Problem requirements: Word for word, repeat the data that follows. Do not include the pictures.

Material provided:
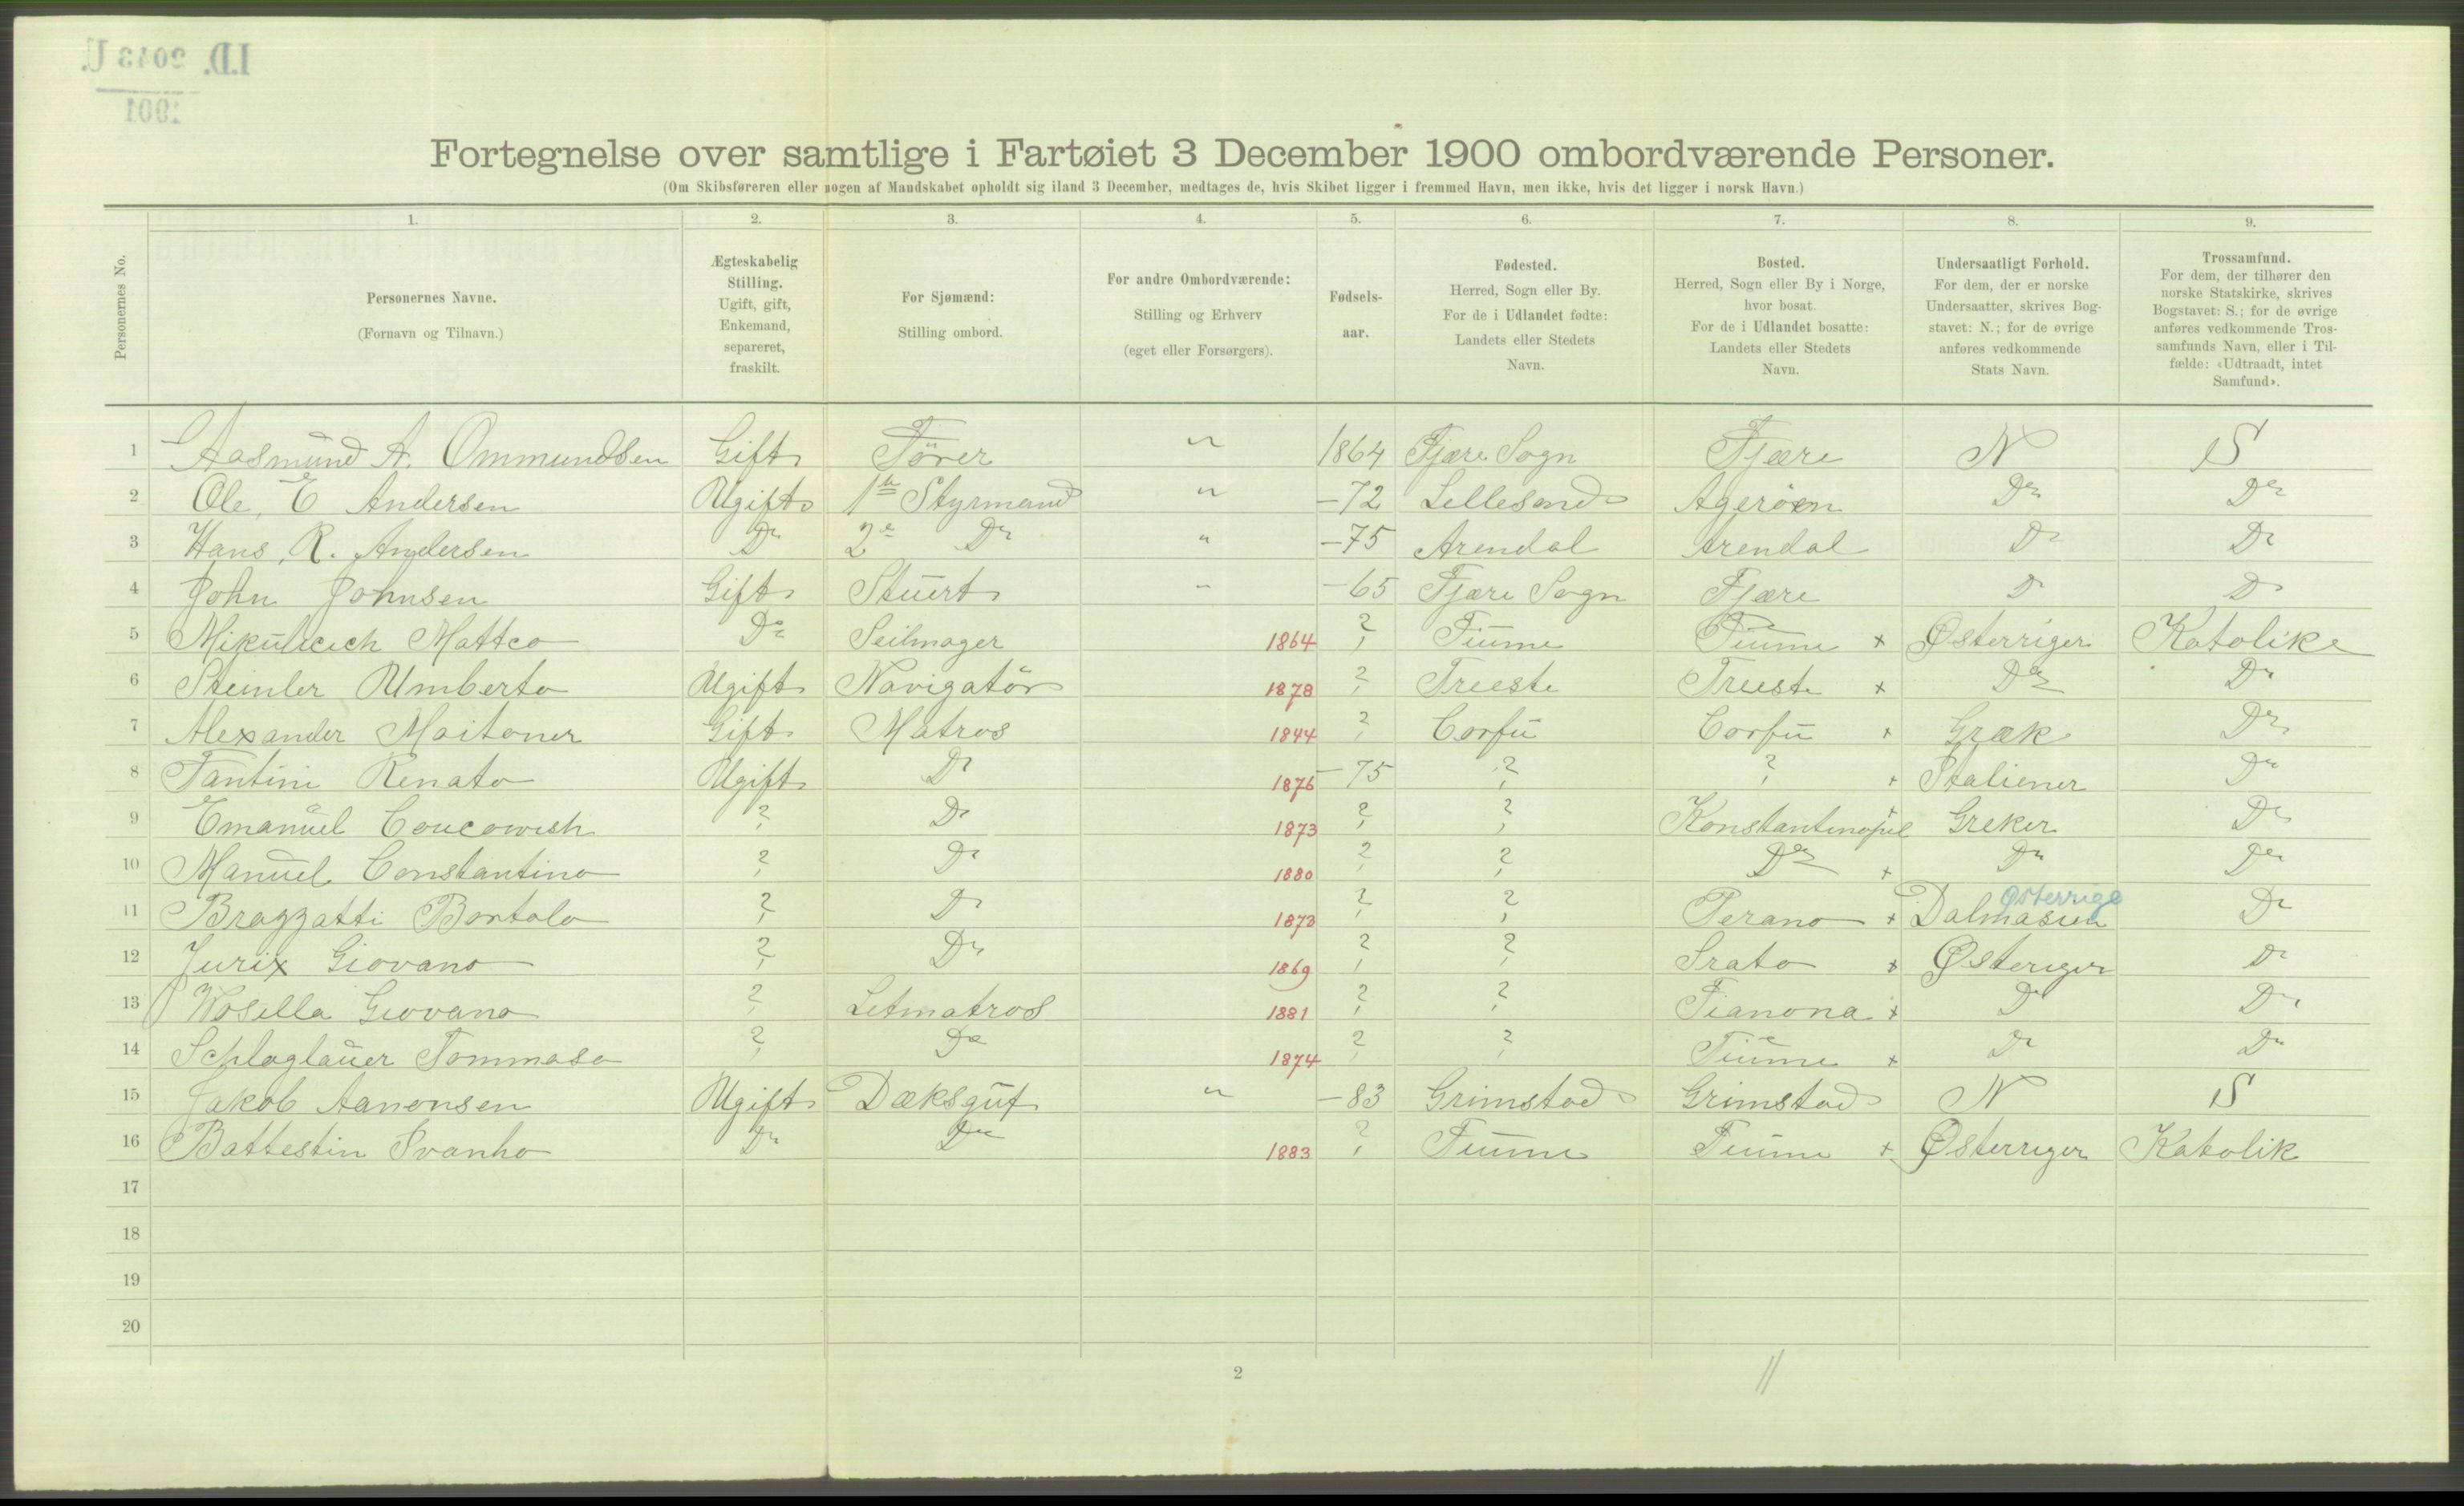 RA, 1900 Census - ship lists from ships in Norwegian harbours, harbours abroad and at sea, 1900, p. 5624
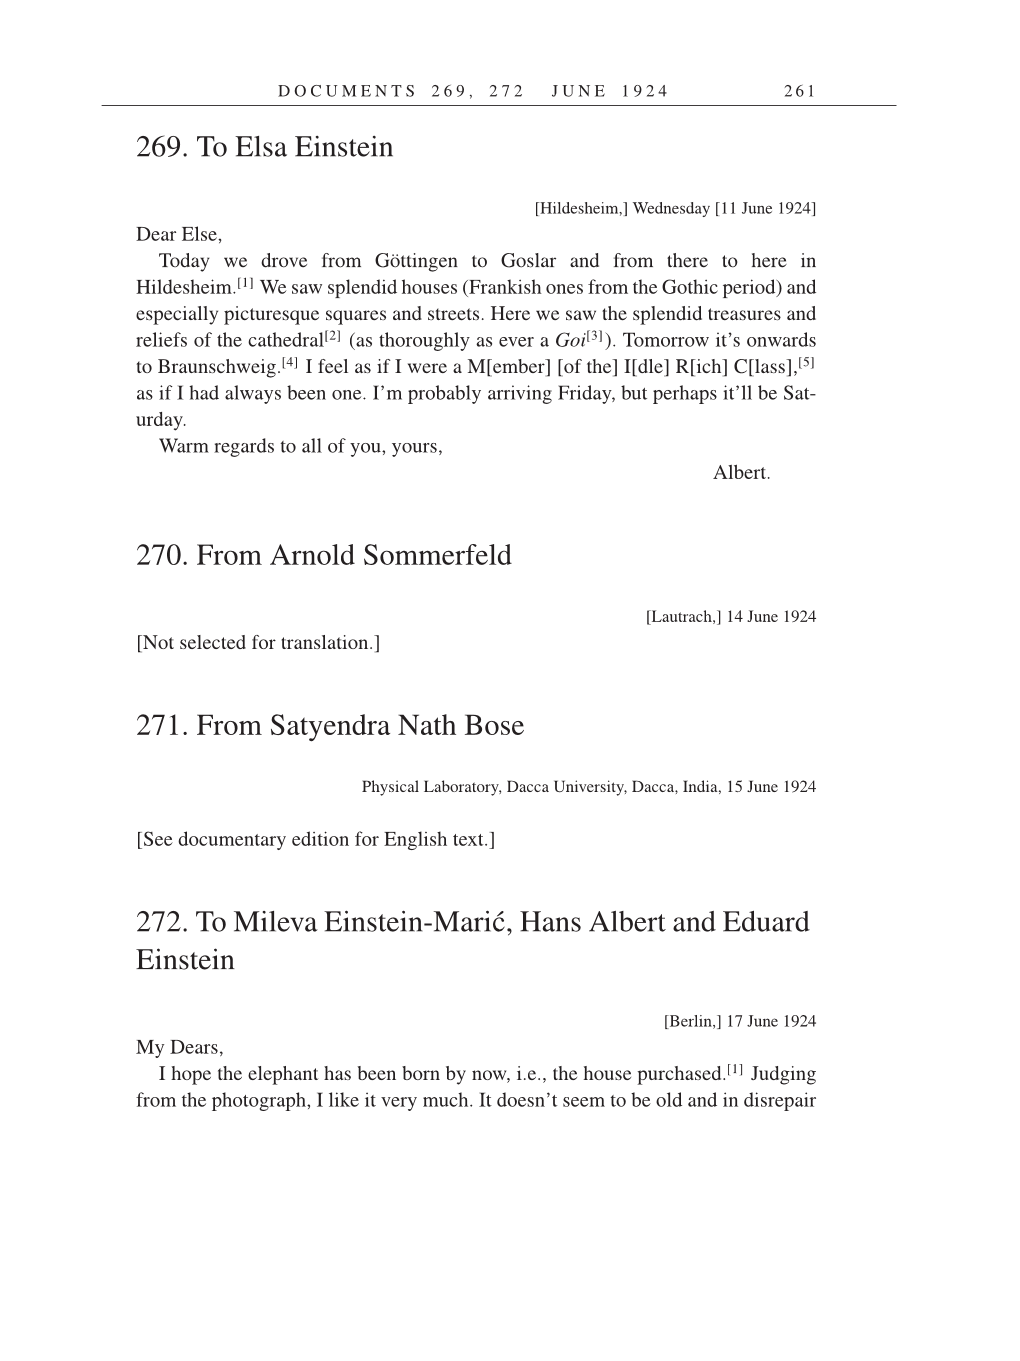 Volume 14: The Berlin Years: Writings & Correspondence, April 1923-May 1925 (English Translation Supplement) page 261
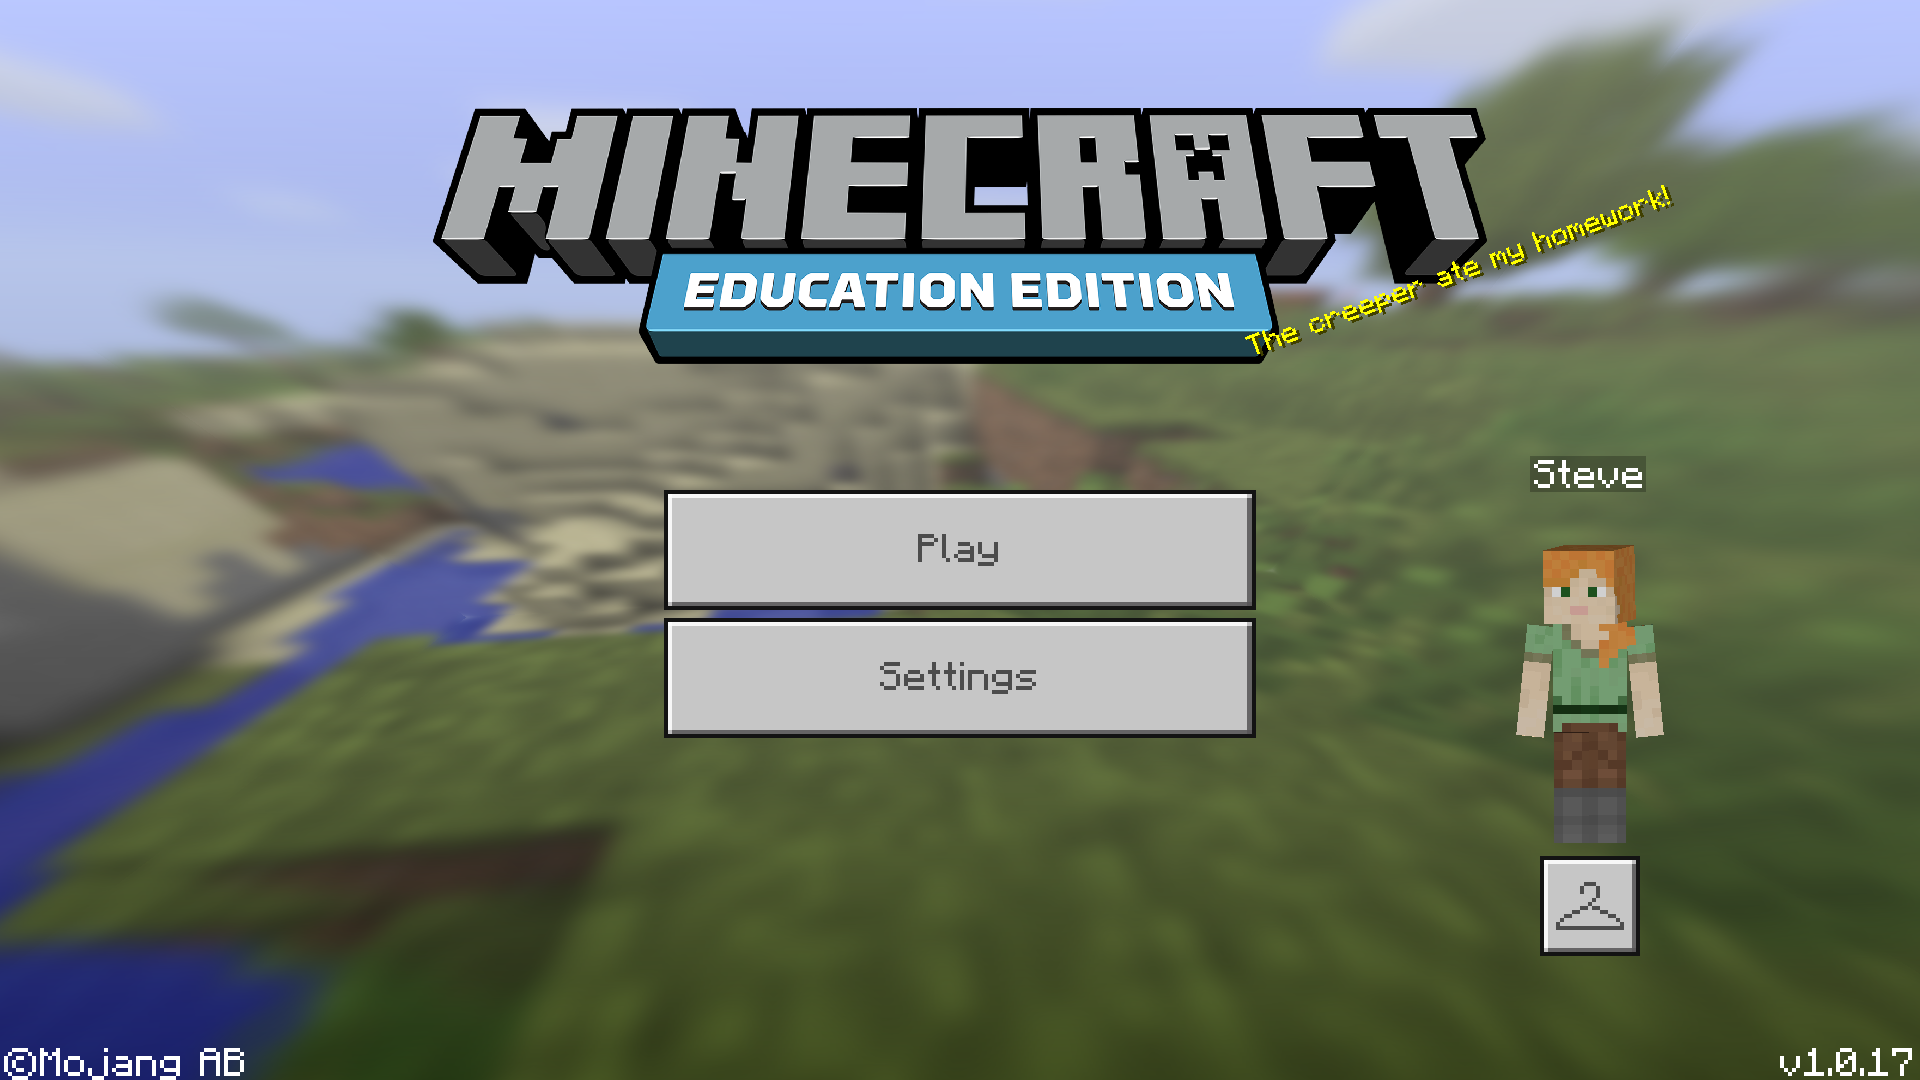 Why not to buy Minecraft Education Edition

Completed exercise:
 RA, 1900 Census - ship lists from ships in Norwegian harbours, harbours abroad and at sea, 1900, p. 5624
 Volume 14: The Berlin Years: Writings & Correspondence, April 1923-May 1925 (English Translation Supplement) page 261
 Why not to buy Minecraft Education Edition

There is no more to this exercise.